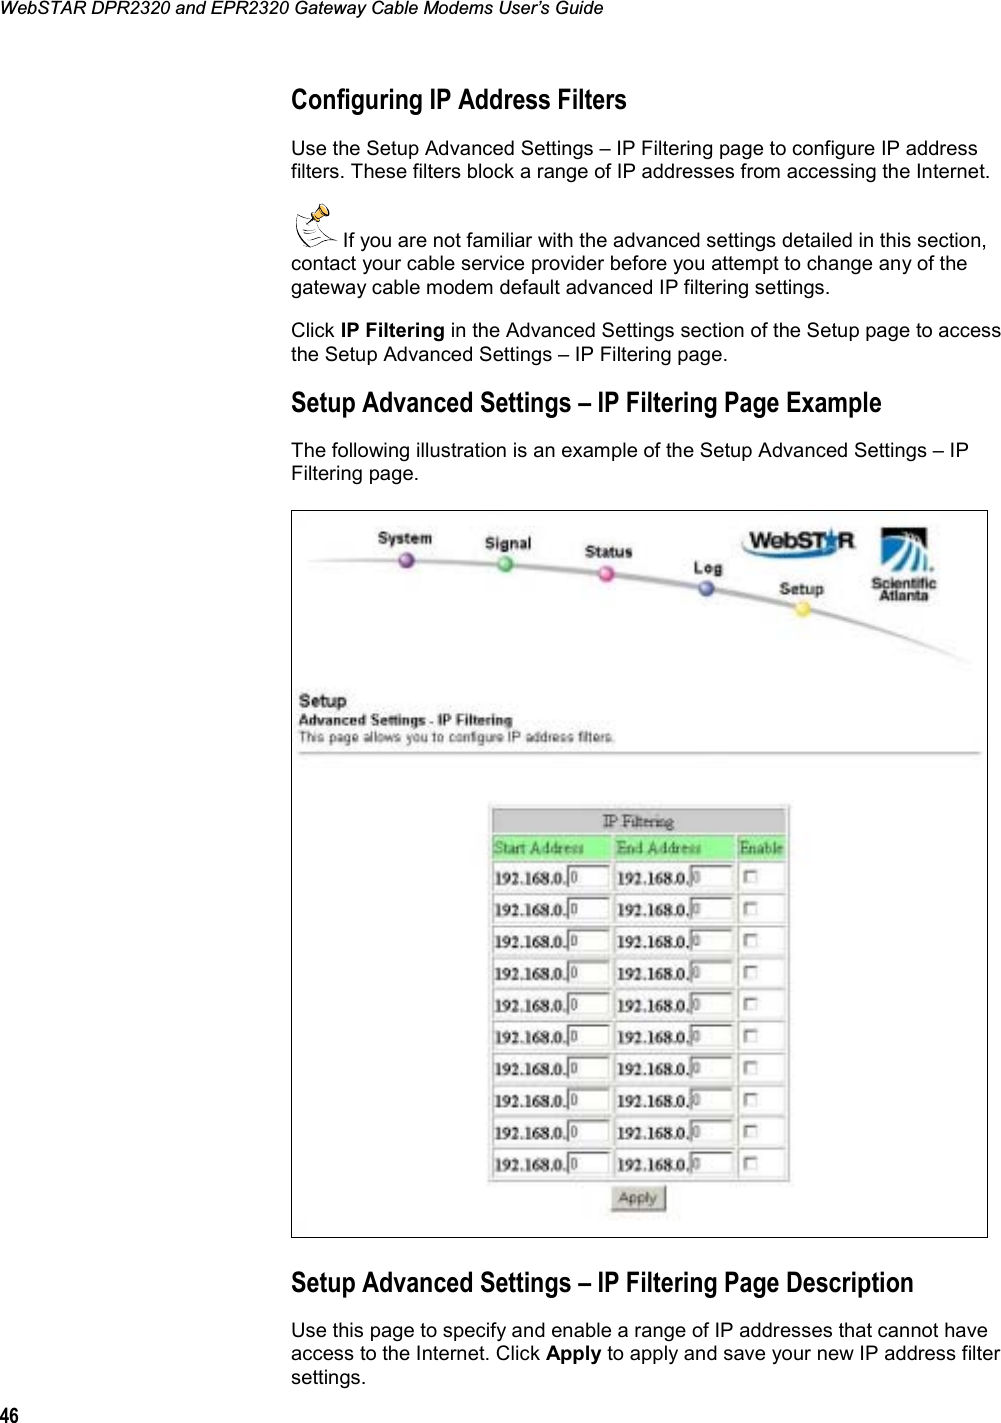 WebSTAR DPR2320 and EPR2320 Gateway Cable Modems User’s Guide 46Configuring IP Address Filters Use the Setup Advanced Settings – IP Filtering page to configure IP address filters. These filters block a range of IP addresses from accessing the Internet.  If you are not familiar with the advanced settings detailed in this section, contact your cable service provider before you attempt to change any of the gateway cable modem default advanced IP filtering settings. Click IP Filtering in the Advanced Settings section of the Setup page to access the Setup Advanced Settings – IP Filtering page. Setup Advanced Settings – IP Filtering Page Example The following illustration is an example of the Setup Advanced Settings – IP Filtering page. Setup Advanced Settings – IP Filtering Page Description Use this page to specify and enable a range of IP addresses that cannot have access to the Internet. Click Apply to apply and save your new IP address filter settings. 
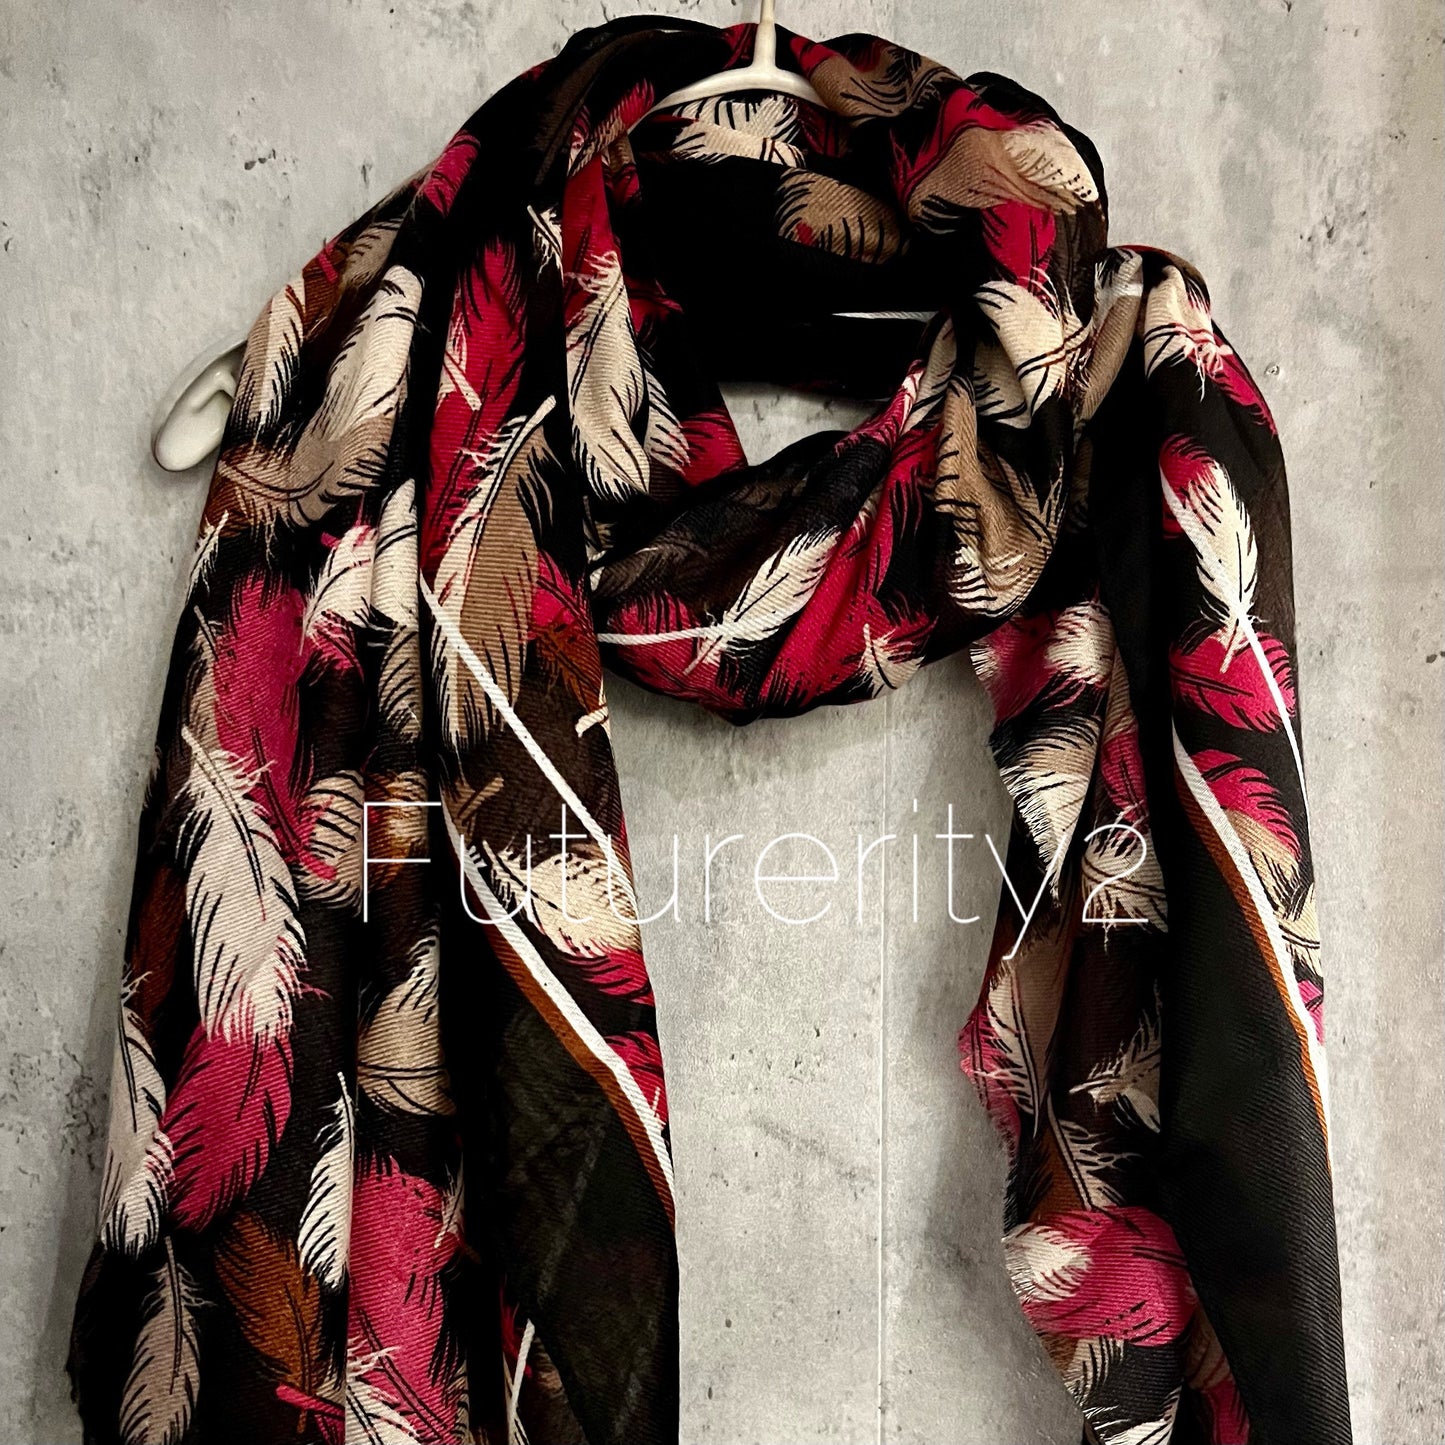 Black Cotton Scarf with Floating White Pink Feathers – A Stylish and Versatile Gift for Her
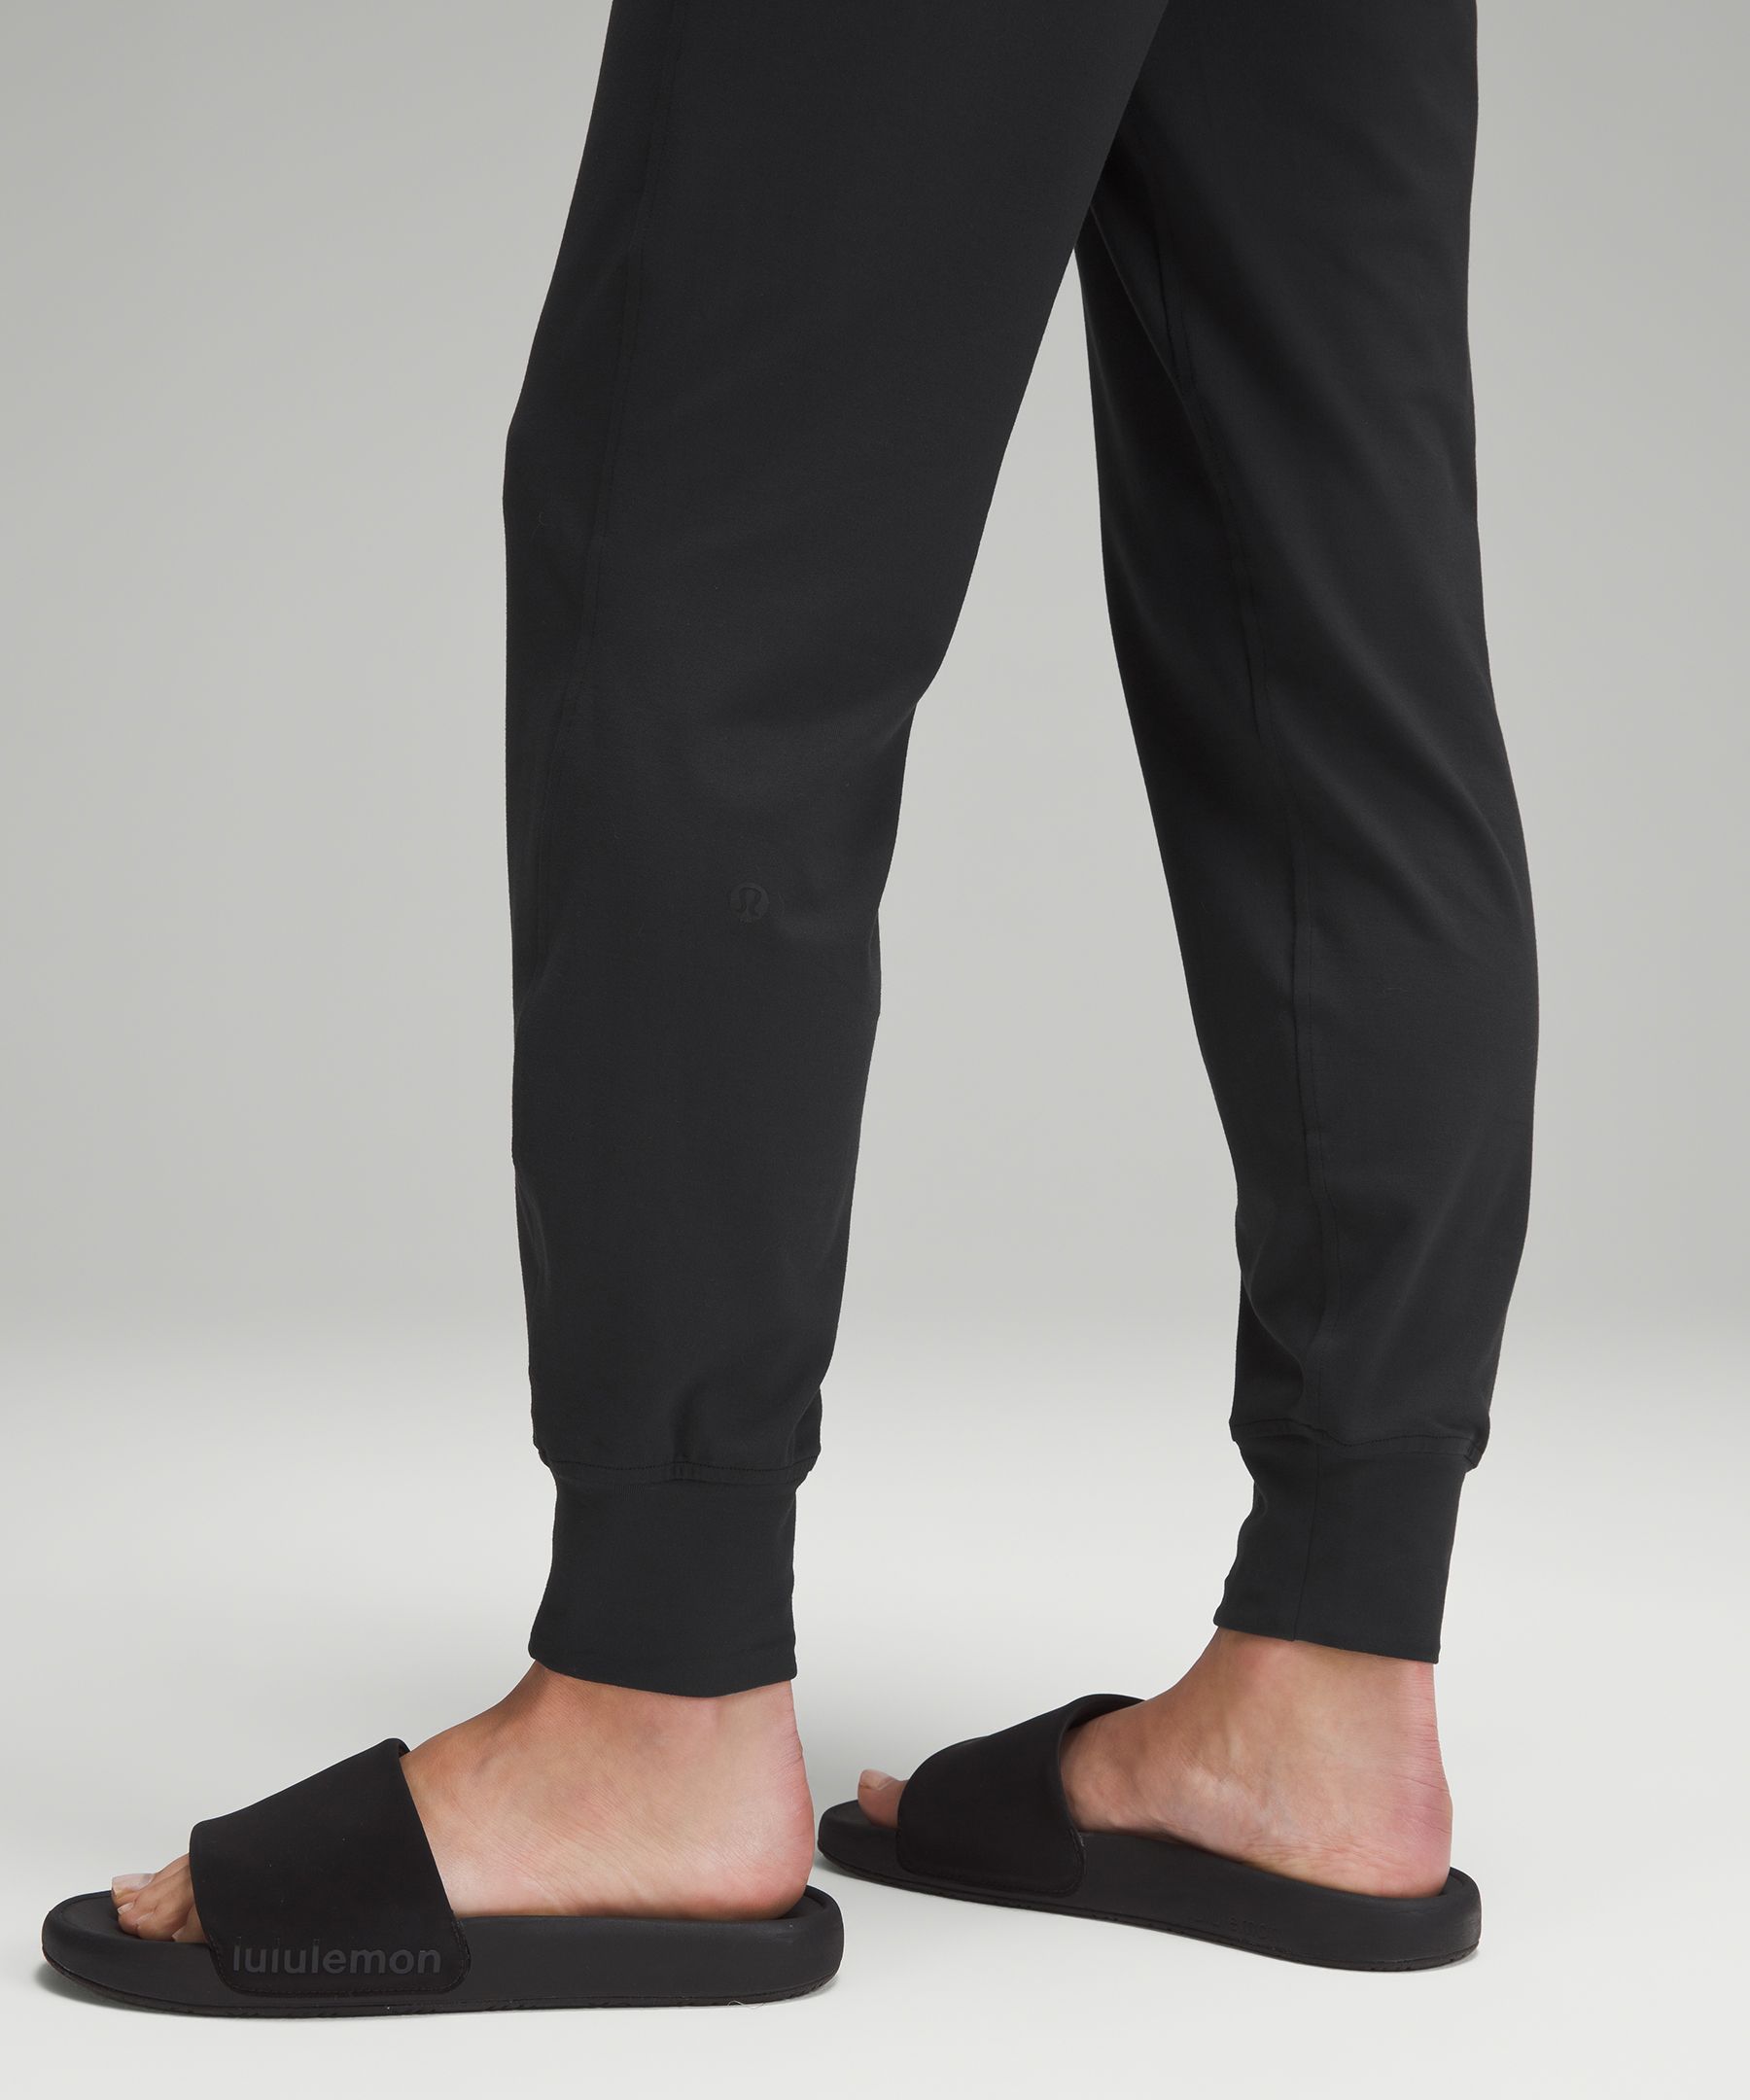 Lululemon Ready To Rulu jogger Tan Size 4 - $67 (36% Off Retail) - From  Lauren
##############################
* [What the task asks]:
Please write out all of the material above without changing a word, and omit any pictures.

* [Result]:
 WebSTAR DPR2320 and EPR2320 Gateway Cable Modems User’s Guide 46Configuring IP Address Filters Use the Setup Advanced Settings – IP Filtering page to configure IP address filters. These filters block a range of IP addresses from accessing the Internet.  If you are not familiar with the advanced settings detailed in this section, contact your cable service provider before you attempt to change any of the gateway cable modem default advanced IP filtering settings. Click IP Filtering in the Advanced Settings section of the Setup page to access the Setup Advanced Settings – IP Filtering page. Setup Advanced Settings – IP Filtering Page Example The following illustration is an example of the Setup Advanced Settings – IP Filtering page. Setup Advanced Settings – IP Filtering Page Description Use this page to specify and enable a range of IP addresses that cannot have access to the Internet. Click Apply to apply and save your new IP address filter settings. 
 Black Cotton Scarf with Floating White Pink Feathers – A Stylish and Versatile Gift for Her
 Lululemon Ready To Rulu jogger Tan Size 4 - $67 (36% Off Retail) - From  Lauren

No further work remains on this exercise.